NSA teacher swims with sister, 80-year-old mom
Published 9:55 pm Tuesday, October 17, 2017
A Nansemond-Suffolk Academy teacher will participate in a national synchronized swimming meet in Florida this weekend.
At 54, Kim Wagner, who teaches first grade at NSA and also is the assistant swim coach, is actually the youngest of the trio with which she will perform in the U.S. Masters Championships, a meet for synchronized swimmers over the age of 21.
The other members of the trio? Her 57-year-old sister and their 80-year-old mother.
Wagner believes the three are the first trio including a mother and her two daughters ever to compete in synchronized swimming.
“I think it’s a really cool opportunity,” Wagner said by phone Tuesday from Clermont, Fla., where the meet will begin Thursday. “Both my sister and I feel very lucky.”
Wagner and her sister, Kathy Brown, and their mother, Patricia Rankin, arrived early so they could practice together. Brown and Rankin live in New York, where the family is from originally.
One team member living several states away from the others has presented unique challenges.
“We have gotten together several times in the last year and gotten the routines written,” Wagner said. “My sister and I choreographed them.”
The two sisters participated in synchronized swimming when they were young, through a community program near their home in western New York.
“My mother was our carpool person,” Wagner said. “But after we left synchronized swimming and went off to college and did our own thing, she got interested in it.”

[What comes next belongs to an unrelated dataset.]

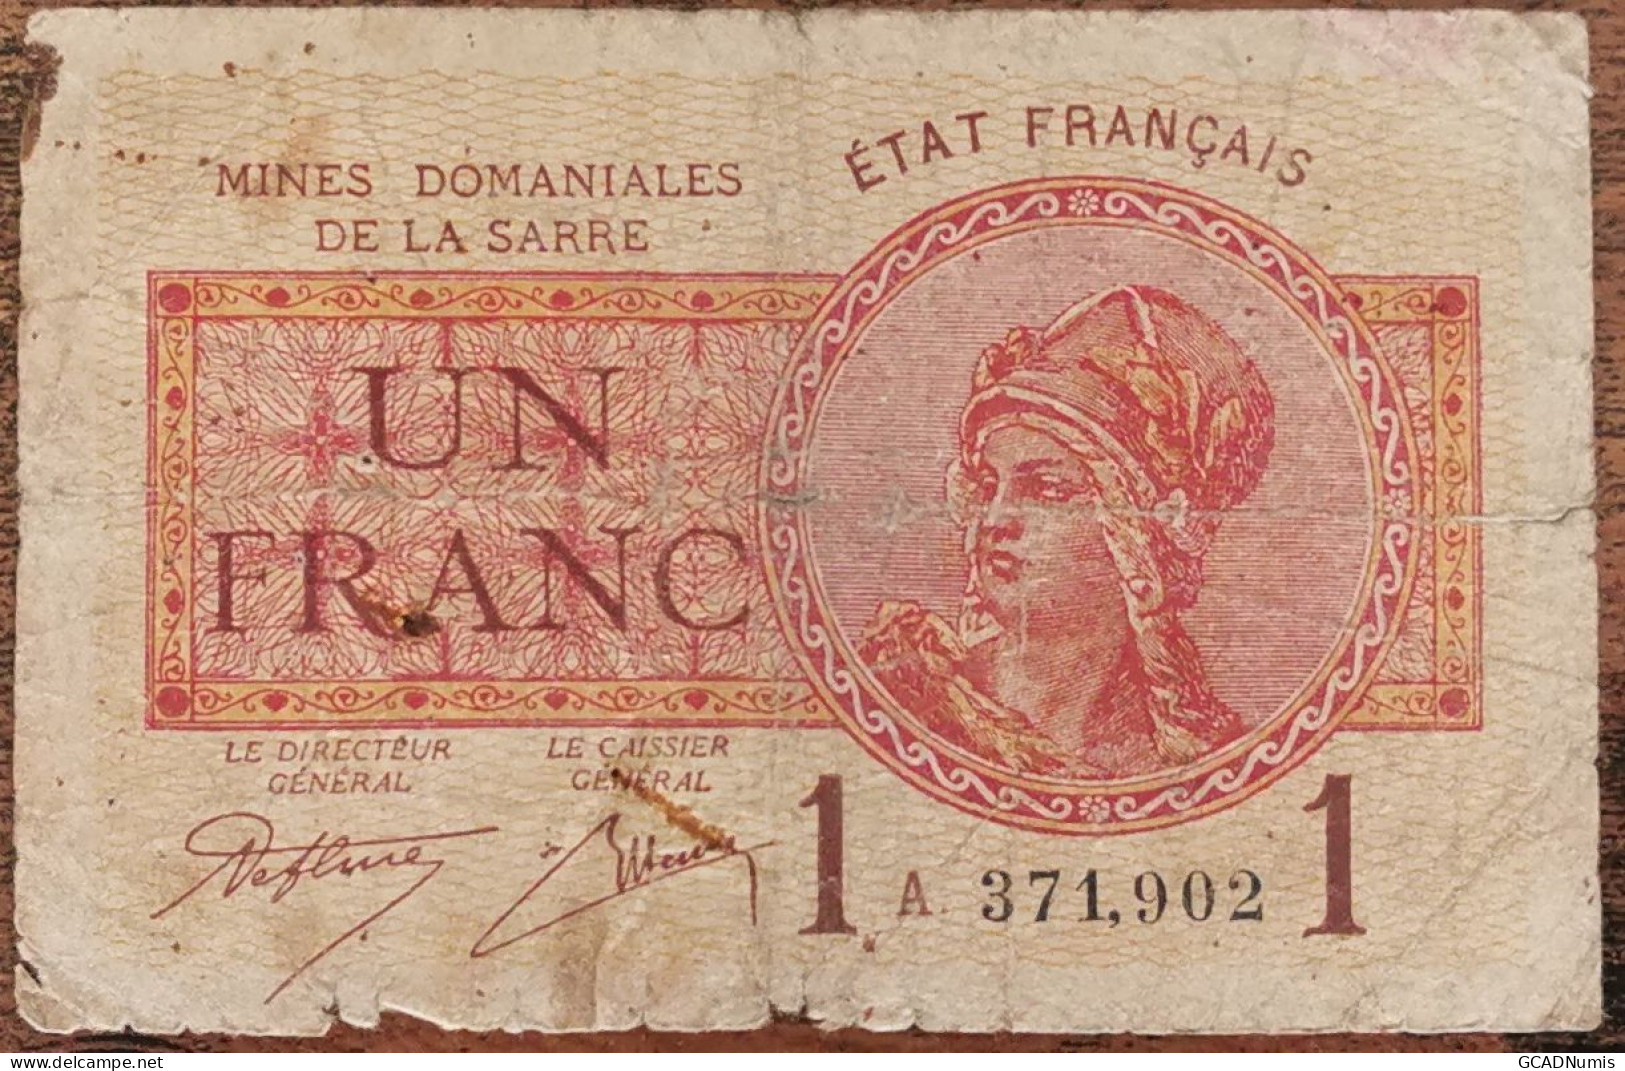 Billet De 1 Franc MINES DOMANIALES DE LA SARRE état Français A 371902  Cf Photos - 1947 Saarland

Brown started teaching Rankin the art of synchronized swimming, in which athletes perform a routine of synchronized moves and lifts in the water, set to music. Synchronized swimmers must not touch the bottom of the pool during their routine, even during the lifts.
It requires upper and lower body strength, Wagner said. She and her sister lift their mother above the water during their routine.
“I’ve had to go back into some strength training,” Wagner said. “It takes a lot of strength in your legs to do a boost up. It takes a lot of arm strength, too.”
Excellent aerobic fitness is required as well, she said.
“I’ve been weight training and aerobic training to get my lungs back,” she said. “I had a really difficult time holding my breath.”
Wagner said it was her mother’s idea to do a trio with her daughters. She saw a mother-daughter duet at last year’s competition and talked her daughters into it.
“I think it’s amazing she has that stamina to do what we’re doing,” Wagner said. “It’s amazing, especially since she did not grow up doing it.”
The three will compete in a technical routine on Friday and a free routine on Saturday. They will compete in the 60-69 age category, as that is the average of their ages.
There won’t be any doubt from the music that the three swimmers are related. Their technical routine, one minute and 40 seconds long, is set to the ABBA song “Does Your Mother Know.” Their free routine, three minutes long, is to Meghan Trainor’s song “Mom.”
Wagner said practice has been going well this week.
“We feel like we’re going to be really ready on Friday,” she said.